With that, Burke felt like the floor had been cut out from under him.
So it had been an accident. But his mother had caused it. She would have to go to the police and explain.
Velma wept quietly as she sat in the passenger seat of her son's car, being driven to the sheriff's department. Burke could not be present while she was questioned. She said she did not want a lawyer.
Dejected but certain he had done the right thing, Burke phoned his sister to break the sad news to her. They agreed to meet at her home. In times of crisis, families need to be together and Velma's sisters, Arlene and Faye, would eventually drive in to join their niece and nephew.
The phone rang and Burke spoke to investigator Al Parnell.
"It's worse than we thought," Parnell said.
Burke was dumbstruck, wondering how could it possibly be any worse?
"There are other people. . . . Other people she's killed," Parnell told a stunned Ronnie Burke. Parnell went on to relate that Velma Barfield had confessed to killing two people to whom she had been a paid, live-in caregiver and her own mother, Burke's grandmother, Lillie Bullard.

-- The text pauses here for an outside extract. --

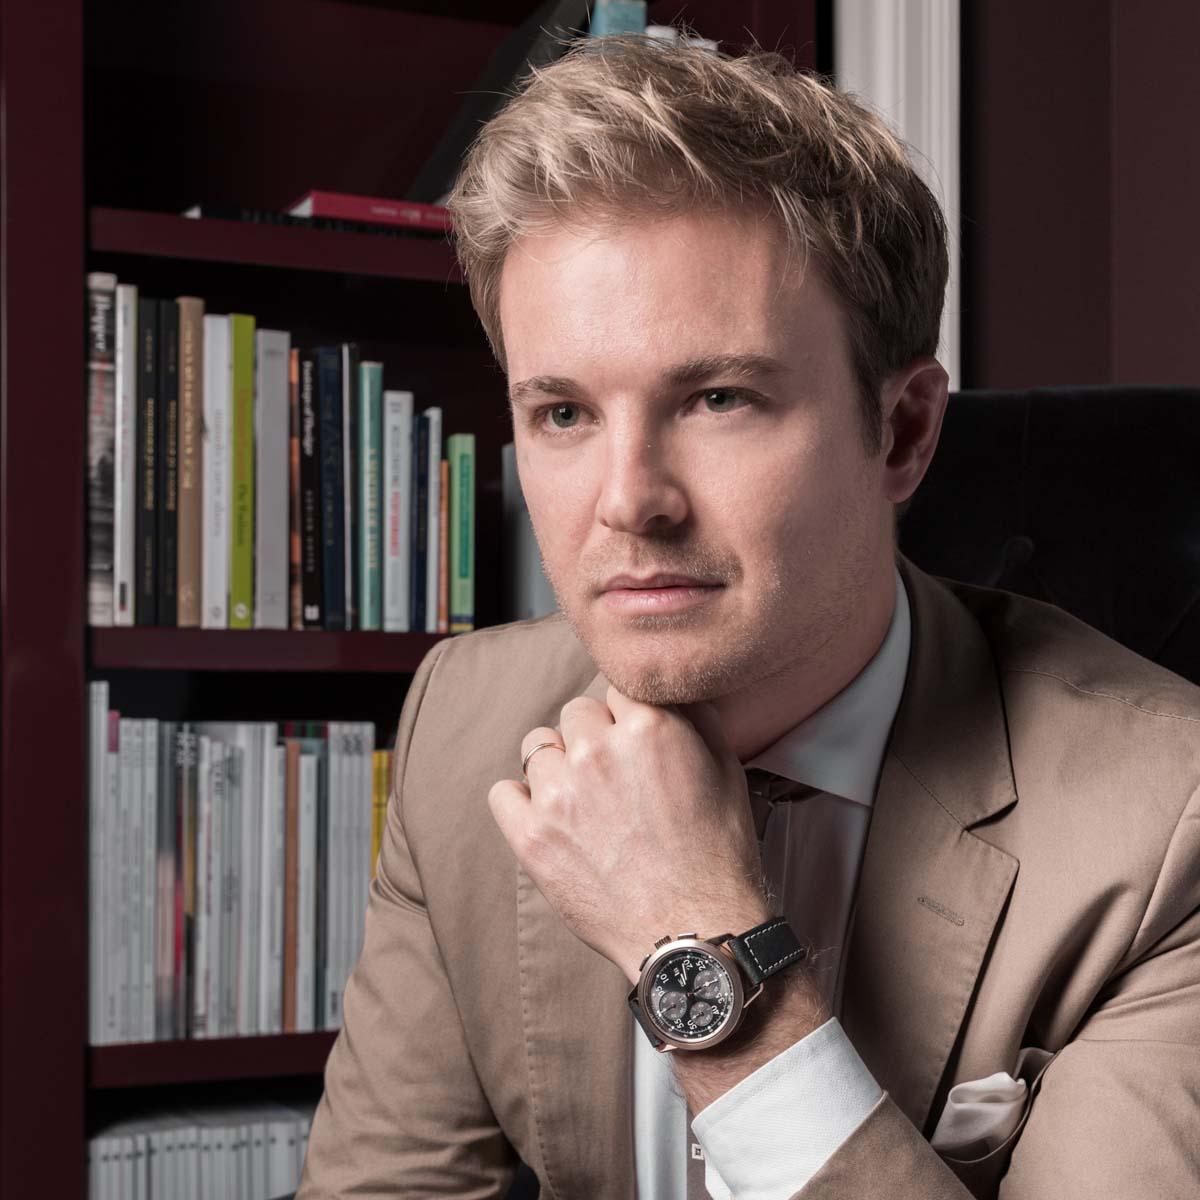 La Cote des Montres : Photo - IWC Ingenieur Chronographe « Tribute to Nico Rosberg »
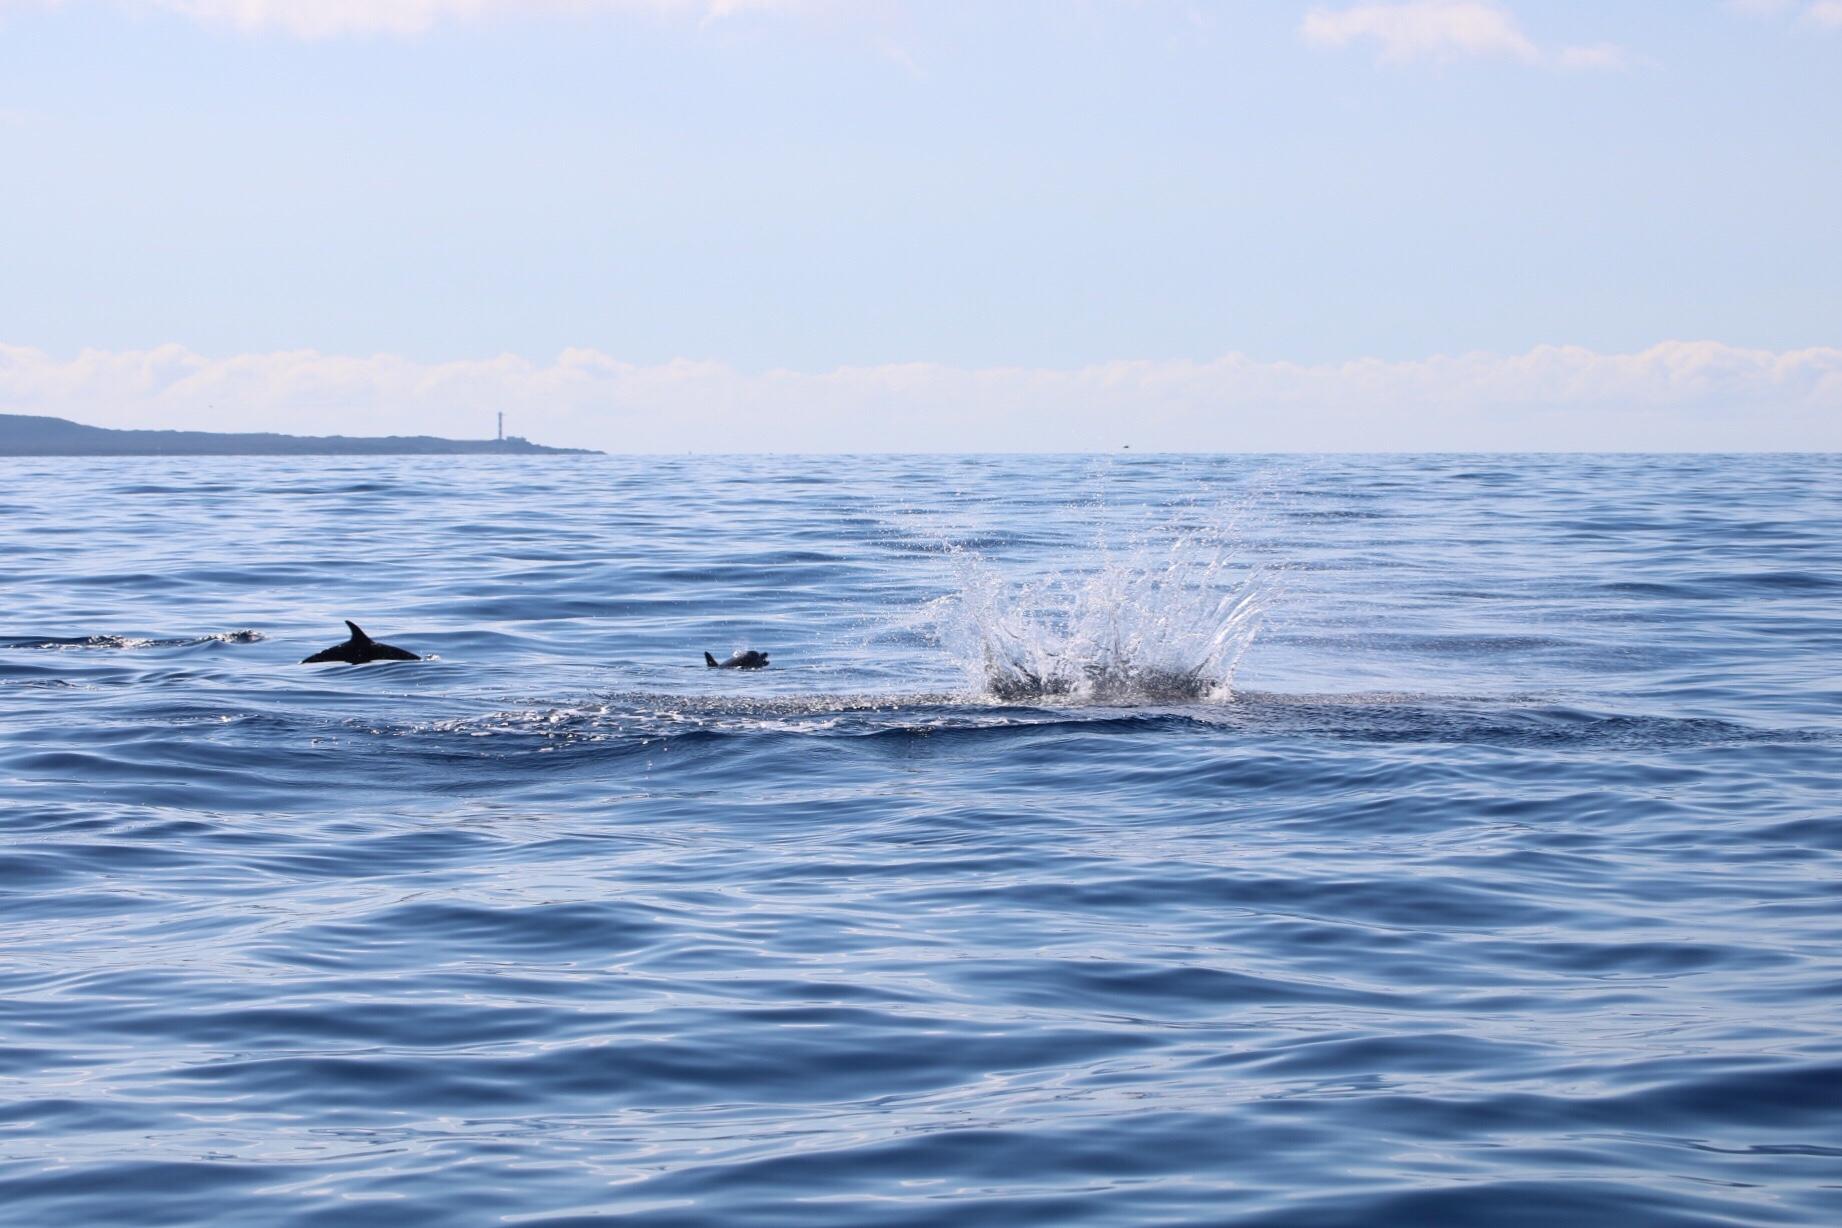 obserwacja delfinów, rejs na delfiny, ocean atlantycki, wycieczki statkiem teneryfa, los cristianos, blog o dzikich zwierzętach, animalistka.pl

When Burke repeated what he had been told to his sister and aunts, a pandemonium of tears and screaming broke out in the little house.
Burke recalled the loving mother who had fed and clothed him, bandaged his cuts and wiped his runny nose, been a conscientious grade mother for him and his sister, taken him to church and taught him right from wrong, disciplined him and encouraged him always to do his very best. That image was impossible to reconcile with the poisoner of four people.
Just what kind of person was Velma Barfield?